Разволновавшись, мистер Беркинс вытер лоб платком с вышитыми на нем инициалами. Платок был уже старый, в пятнах времени, но ни на какой другой он бы его не променял, даже на изделие из тончайшего шелка с золотой окантовкой — ведь буквы «Т» и «Б» когда-то любовно вывела рука Маргарет, единственной женщины всей его жизни, мамы Колина. Он спрятал платок обратно в нагрудный карман. Вздохнул:

— Однако мы были благодарны и за это: его хоть не выкинули, как старый хлам, на мусорку. Кстати, я говорил тебе, что прямо из больницы ребенка забрала новая семья? Они назвали его Микаэль. Я потом ради интереса глянул в книгу значения имен, которую, между прочим, купил прямо здесь, в магазине старика Гилберта… послушай, ведь точно, она стояла как раз на этом самом подоконнике, среди древних мифов, сложной теософии и старинных трактатов таро… так вот, оказалось, «Микаэль» означает «подобен Богу». А имя, как говорится в той книге, определяет судьбу.
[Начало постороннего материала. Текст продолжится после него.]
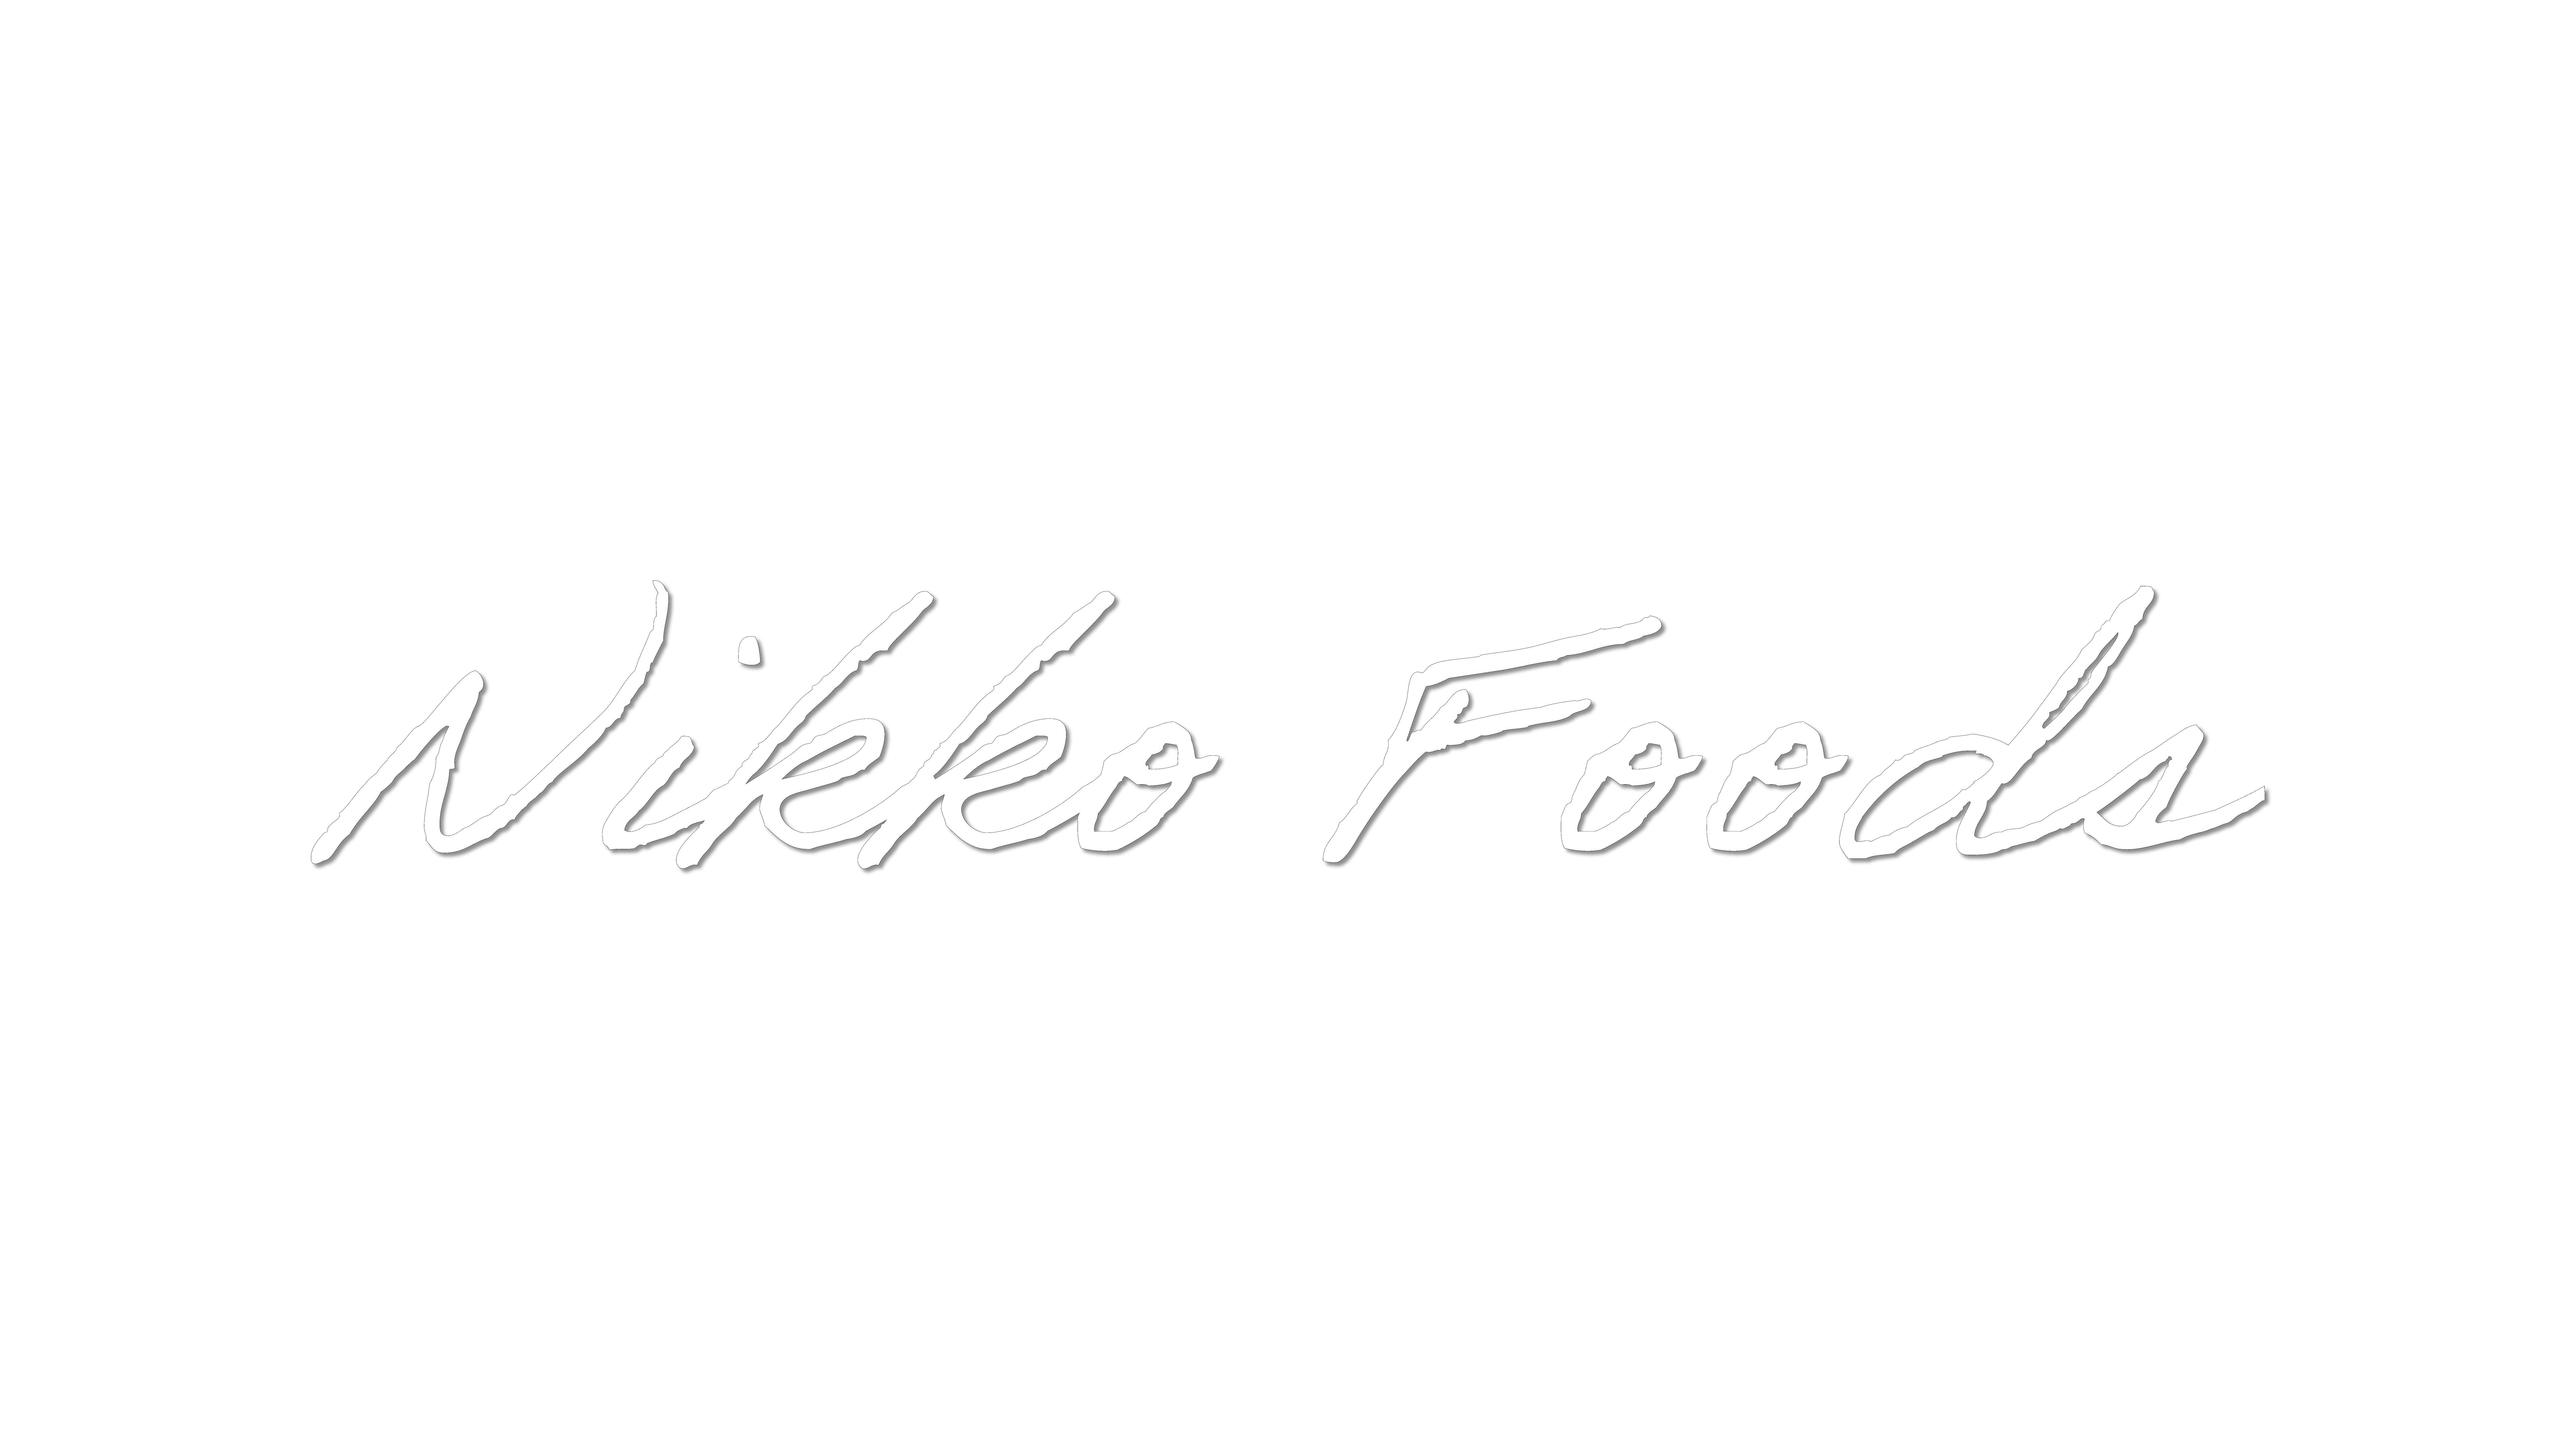 NIKKO FOODS
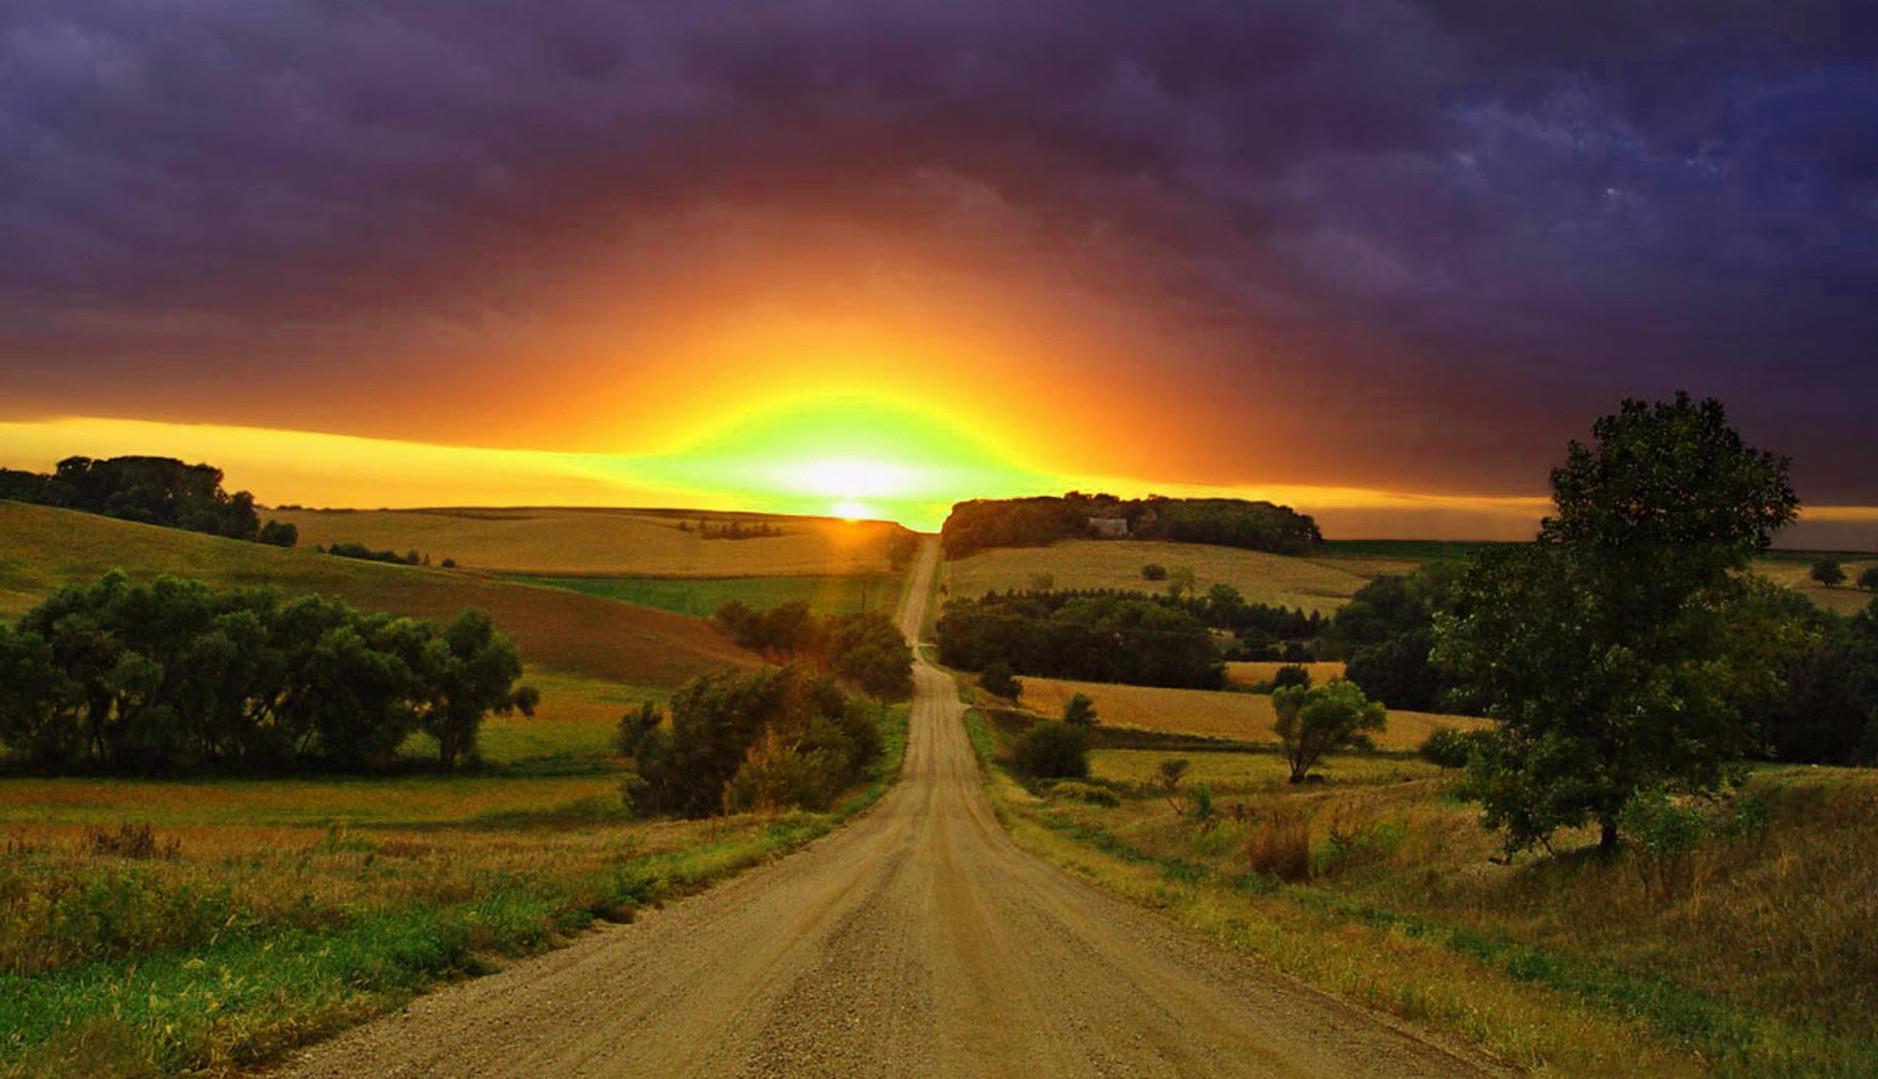 road-mountain-sun-greenery.jpg

— Нет, ты не рассказывал. Но эта история придает мне еще больше сил, чтобы довести начатое до конца. Папа! — В порыве эмоций Колин крепко схватил ладонь отца и прижал к груди. — Я прошу тебя, папа, возьми деньги у мистера Стюарта, они нам очень нужны! Ты только посмотри, я уже все придумал!

Он выпустил его руку и в потоке нахлынувшего вдохновения принялся показывать то влево, то вправо, то вверх, а отец любовался им, своим взрослым ребенком, и к глазам невольно подступали слезы счастья. Он думал о том, как Маргарет гордилась бы их общим сыном, их «крошкой Колином» сейчас.

— Вот здесь мы установим дверной звонок, — говорил Колин, — чтобы тот, кто принес новорожденного, мог оповестить нас и уйти, а малыш сразу оказался бы в безопасности; здесь повесим табличку, на ней будет надпись вроде: «Спасая других, ты спасаешь себя»; а вот там… Папа, почему ты молчишь?

— Я возьму деньги у Генри Стюарта, Колин.

* * *

«И зачем только я согласилась выйти за этого Скритчера», — написала Фрэнсис в своем дневнике, безмолвном друге, который внимательно слушал, не задавал неудобных вопросов и никогда не вываливал в ответ гору личных проблем.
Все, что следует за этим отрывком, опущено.